К дому подошли тихо, стали в малиннике, против окон.
— Ну-ка, который подлиньше, смотри, — сказал Лепендин.
К оранжевому стеклу приблизилась черная круглая голова. Мужики ждали молча, не шевелясь.
— Один ходит поджарый. Очкастый сидит с барыней, — сказала голова.
— А председатель тут? — спросил тоненький голосок из кустов.
— Из товарищей тут двое. Да еще две барыни.
— Председатель — коротыга такой, долгогривый, — тута?
— Председатель должен быть тоже. Стучи, — сказал Лепендин.
На стекле показалась крючковатая рука, окно трижды тихо звенькнуло. Подождали.

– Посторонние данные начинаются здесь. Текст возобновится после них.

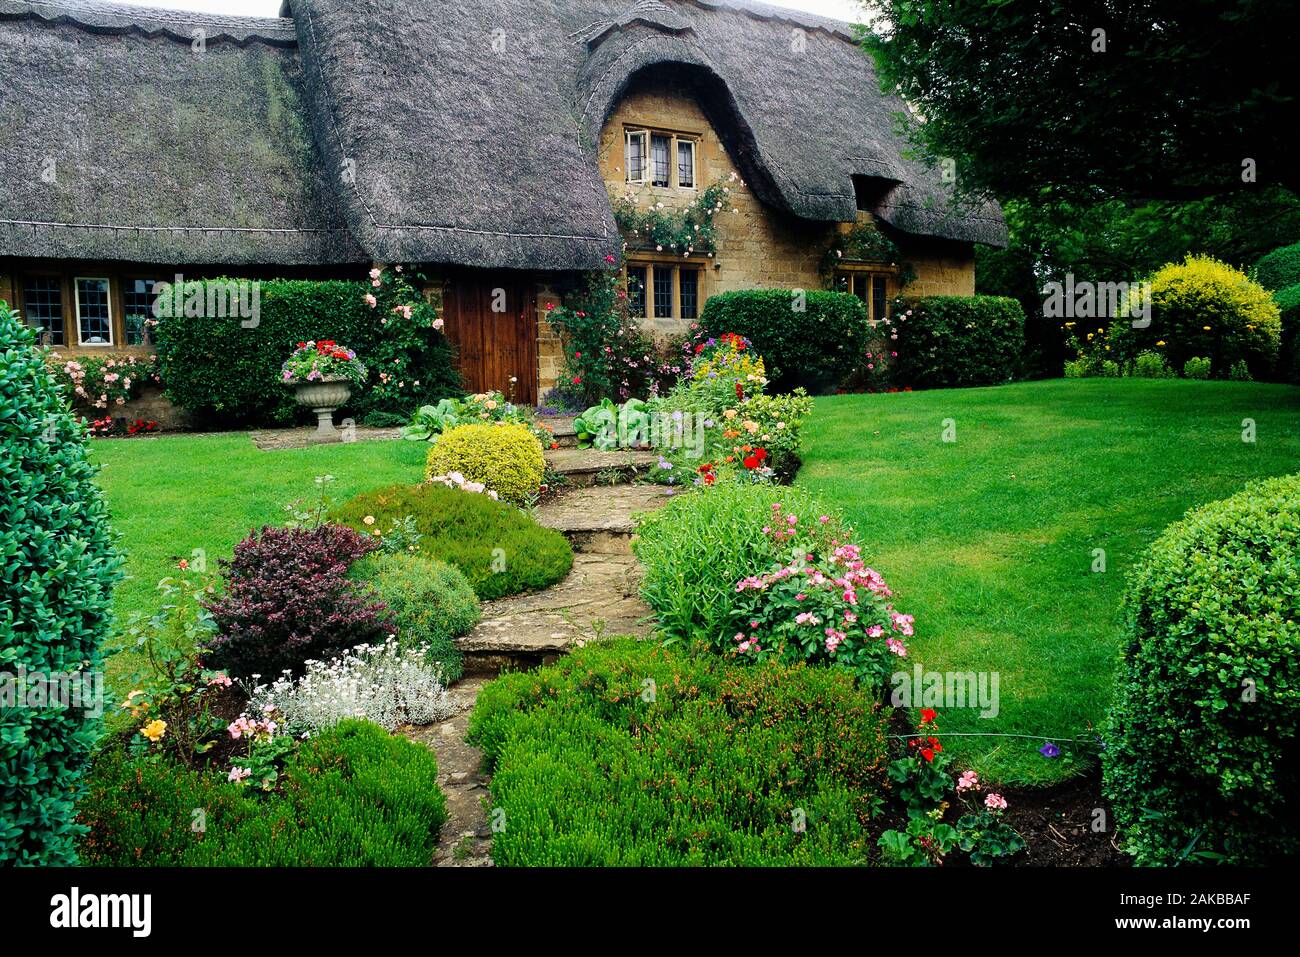 Thatched roof cottage with flowers in garden, Cotswolds, England, UK Stock Photo
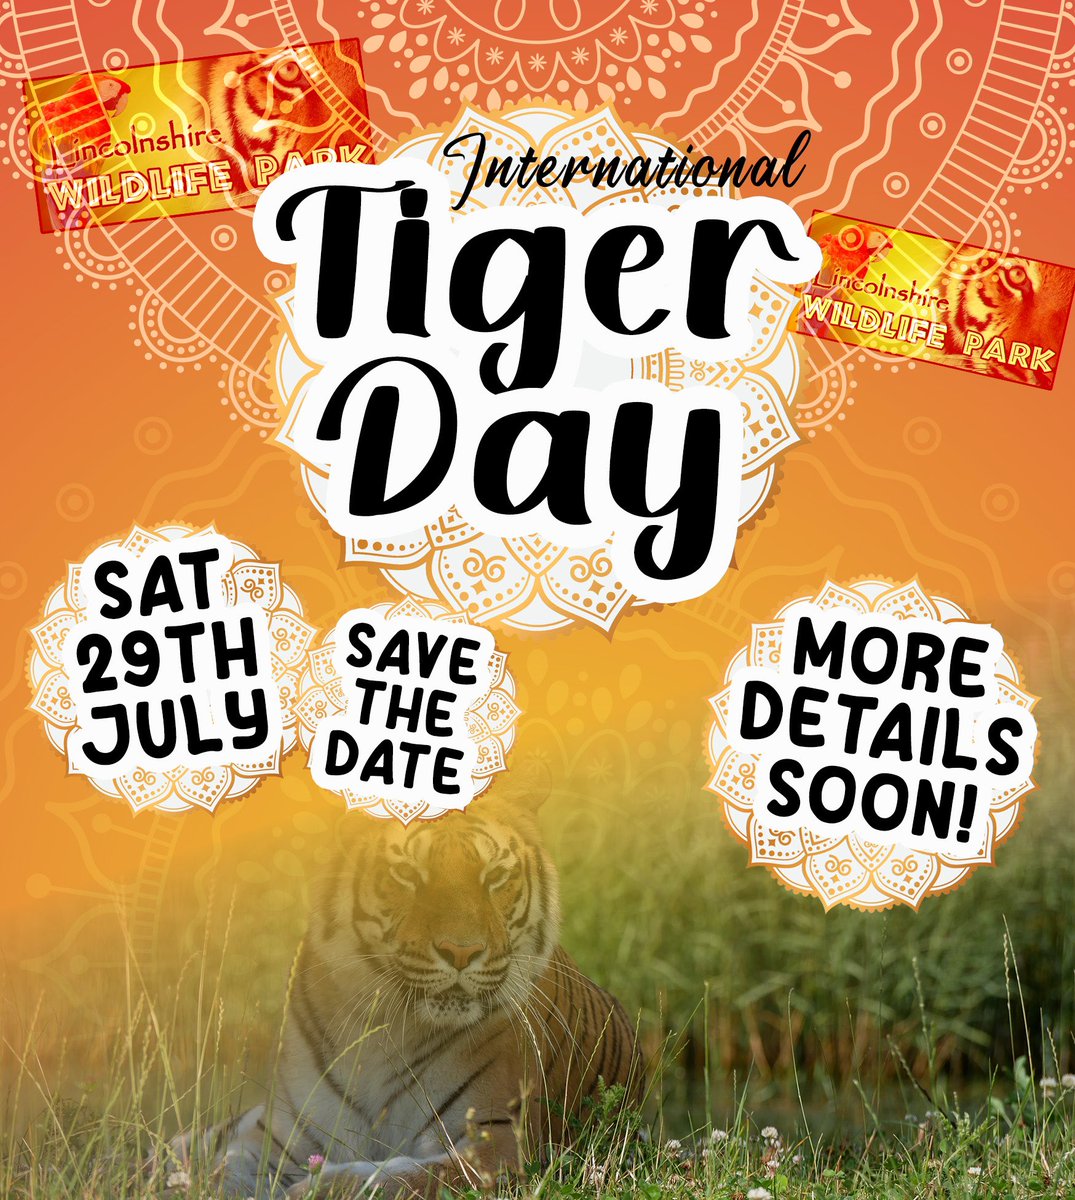 Our annual big #family event #InternationalTigerDay is coming soon… save the date! 🐯 Saturday 29th July! 🐯 #Lincolnshire #Skegness #events #visitlincolnshire #tigers #july #india #awareness #bigcats

— Не слышат, — проговорила голова и обернулась к кустам.
— Может, поутру прийти?
— Чего поутру, дело такое, стучи сильней! — крикнул Лепендин.
Рука снова поднялась к стеклу, окно зазвенькало тревожней, и тут же и рука и голова шарахнулись в темноту.
В комнате к окну подошел человек, сверкнул золотыми очками, распахнул раму, вгляделся в ночь.
— Семка, это ты? — спросил он.
Мужики молчали.
— Старцов? — снова спросил человек и, немного подождав, повернулся к темноте спиной.
— Семка, наверно, дурачится.
Тогда в кустах несмело закашляли. [391]
Человек в очках бросился к подоконнику и прокричал:
— Кто здесь?
— Г-ха, к-ха... мы, товарищ, так что-о...
— Кто «мы»?
— Товарищи хрестьяне, стало быть, ручьевские, граждане вообще.
— В чем дело, товарищи?
Лепендин качнулся к свету и, звонко откашлявшись, заявил:
— Мы к товарищу председателю, желаем объявить товарищу председателю результацию схода.
— С вами, товарищи, говорит Покисен, председатель...
Его перебили из темноты:
— Эт-то мы зна-аем! Только желание наше говорить с председателем Голосовым.
— Голосова сейчас здесь нет, он ушел.
По кустам прокатился глухой смех.
— Это вы, товарищ, изволили сказать несправедливо. Они находятся совместно с вами. Как они сюда ехали, мы их хорошо видали.
— Вот чудаки! — воскликнул Покисен. — Что же, я вам врать, что ли, буду? Голосов вышел в сад. Где я вам его возьму?
— Воля ваша, конечно, однако...
— Сход принял решенье окончательное, чтобы...
— Что такое? — проговорил Покисен, высовываясь в окно. — Ни черта не видно. Много вас тут?
— Хва-атит! — довольно протянул кто-то в стороне.
К окну подошел Щепов, резко бросил в темноту:
— Да в чем же дело? [392]
В кустах забурлило:
— Пускай скажет Федор...
— Федор!
— Объяви, чтобы без обиняка...
— Шпарь, как давеча...
— Товарищи! — прокричал Покисен раздельно, точно на митинге, и вытянулся, опершись пальцами на подоконник. — Товарищи, если вы хотите говорить с председателем исполкома, то приходите завтра утром. Он сейчас вышел. Мы пробудем здесь до завтрашнего вечера. Но вы можете заявить мне о решении схода, о котором говорите, я передам товарищу Голосову. Только сейчас дело ночное, темное, я даже не вижу, кто со мной говорит. Лучше приходите завтра.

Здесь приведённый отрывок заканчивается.